A training data pipeline is the automated system that transforms raw source material into a format suitable for training large language models. It is the factory floor of AI development: pages, documents, and conversations enter at one end, and structured, deduplicated, validated datasets exit at the other.
Building a good pipeline is harder than it sounds. Raw data is messy. Web pages contain ads, navigation, and broken HTML. Books have page headers and footers. Conversations include typos, slang, and off-topic digressions. A pipeline must clean this input without destroying the valuable signal within it.

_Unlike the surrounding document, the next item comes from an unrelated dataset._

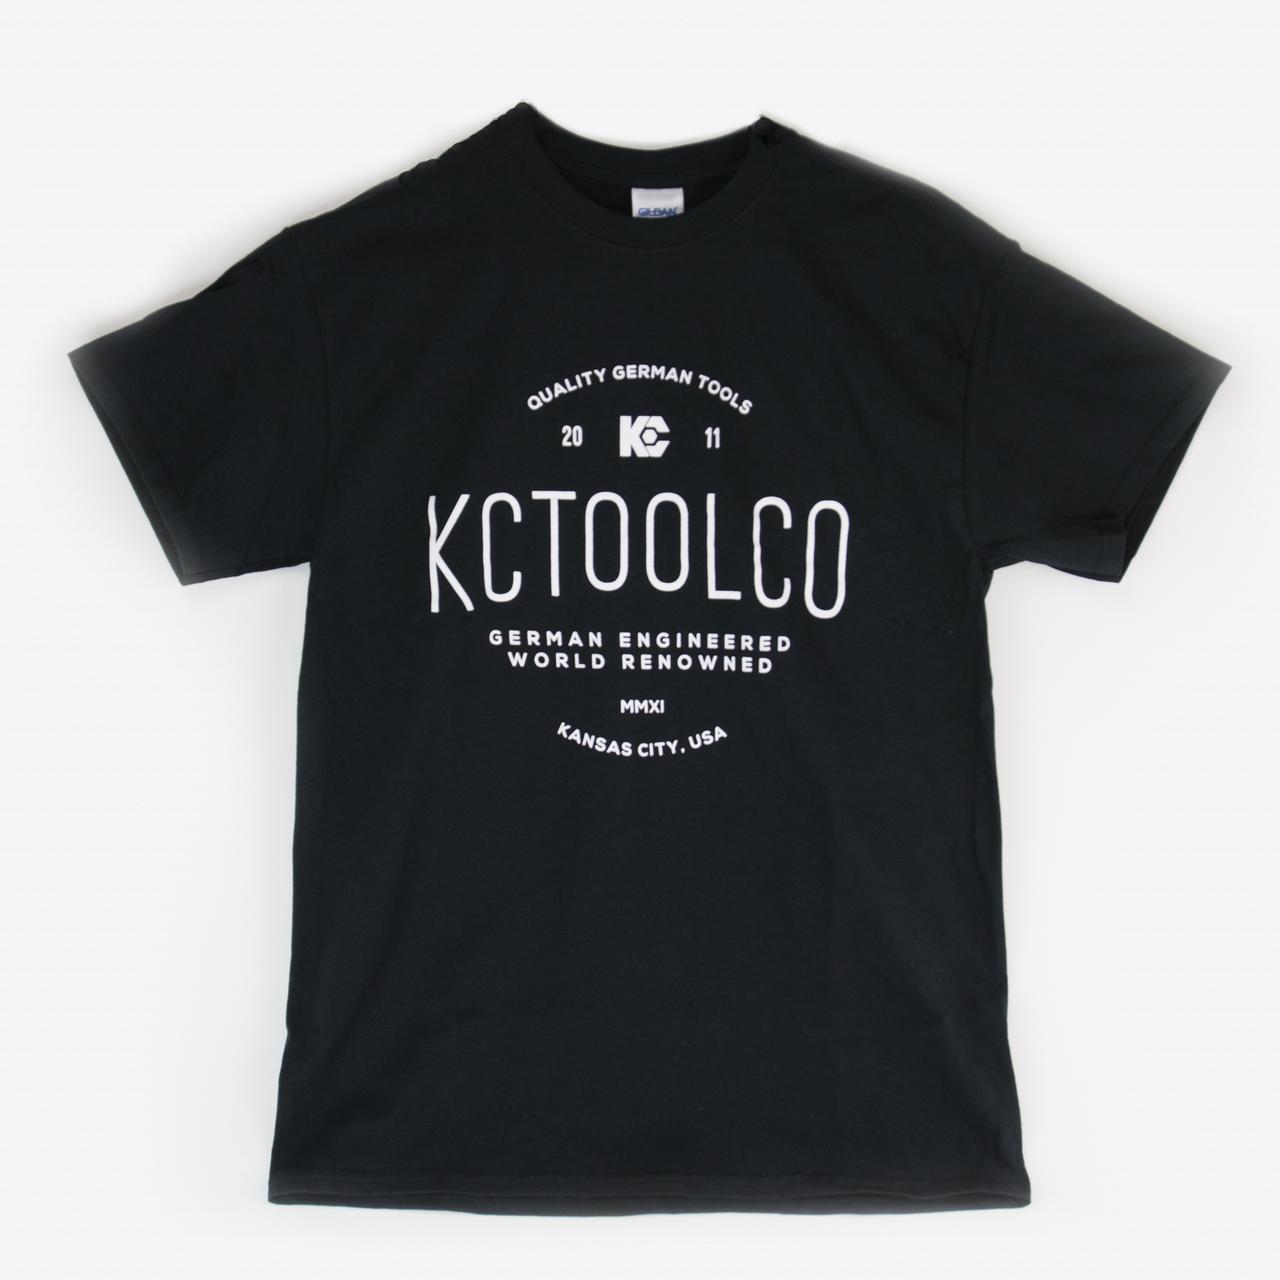 KCTOOLCO Shirt - KC TOol

Stages of a training data pipeline
A typical pipeline has six to eight stages, each implemented as a transform that filters or enriches the data:
1. Ingestion
Collect raw source material from web crawls, APIs, file uploads, or existing datasets. At this stage, the data is in its native format: HTML, PDF, Word documents, JSON, or plain text.
2. Extraction
Pull the primary content out of its container. For HTML, this means removing boilerplate (headers, footers, ads, sidebars) and keeping the article body. For PDFs, this means converting to text while preserving paragraph structure.
3. Normalization
Convert everything to a consistent format. Common choices:
- Markdown for text documents
- JSONL for structured records
- Parquet for columnar storage at scale
{"text": "The quick brown fox...", "source": "https://example.com/article", "language": "en"}{"text": "Machine learning is...", "source": "https://example.com/blog", "language": "en"}4. Deduplication
Remove exact duplicates and near-duplicates. Techniques include:
- Exact matching - Hash-based comparison of full documents
- MinHash - Probabilistic algorithm for finding near-duplicates in large datasets
- SimHash - Locality-sensitive hashing for fuzzy deduplication
- Semantic deduplication - Embedding documents and clustering by similarity
Deduplication matters because training on repeated content wastes compute and can cause the model to overfit to common phrases.
5. Quality filtering
Apply heuristics to remove low-quality documents:
- Language detection (keep only high-confidence target language)
- Readability scores
- Text-to-markup ratio
- Punctuation and symbol density
- Sentence length distribution
- Stop word presence
6. Content filtering
Remove harmful, sensitive, or unwanted material:
- Toxicity classifiers
- PII detection and redaction
- Adult content filters
- Copyrighted material detection
- Bias mitigation strategies
7. Formatting for training
Structure the data for the specific training objective:
- Pre-training - Simple text sequences with tokenization
- Instruction tuning -
{instruction, input, output}triples or conversation threads - RLHF - Prompts with ranked response pairs from human annotators
8. Validation
Verify the dataset before it goes to the model:
- Statistical checks on length distributions and token counts
- Manual spot-checks of random samples
- Automated tests for data leakage (ensuring evaluation benchmarks do not appear in training)
- Format validation against the expected schema
Pipeline quality determines model quality
The phrase “garbage in, garbage out” applies strongly to language models. A model trained on clean, diverse, well-structured data will outperform a model trained on a larger but noisier dataset. Recent research has shown that careful curation can match or exceed the benefits of simply scaling data volume.
For example, the Llama 2 paper emphasized data quality improvements over pure scale. The training corpus was heavily deduplicated and filtered, resulting in better performance with less total data than some competitors.
Pipeline tools and frameworks
- HuggingFace Datasets - A library for loading, processing, and sharing datasets
- Dolma - AI2’s open data pipeline for pre-training
- Data-Juicer - A one-stop data processing system for LLM training
- Crawler tools - First-stage ingestion from web sources
- Spark / Ray - Distributed processing for billion-document scales
How crawler.sh fits into training pipelines
crawler.sh serves as the ingestion and extraction layer of a training data pipeline. It replaces the custom crawler and HTML-to-text converter that most teams build themselves:
# Crawl a site and export clean Markdowncrawler crawl https://docs.example.com --max-depth 3 --render --output archive.zip
# Extracted Markdown files are ready for the normalization stageThe output is structured, clean, and formatted consistently. Each page becomes a Markdown file with metadata in the frontmatter. This integrates directly with pipeline tools like HuggingFace Datasets or custom preprocessing scripts.
For teams building domain-specific models, crawler.sh enables targeted collection: crawl a set of authoritative sources, extract the content, and feed it into the pipeline as high-quality training material.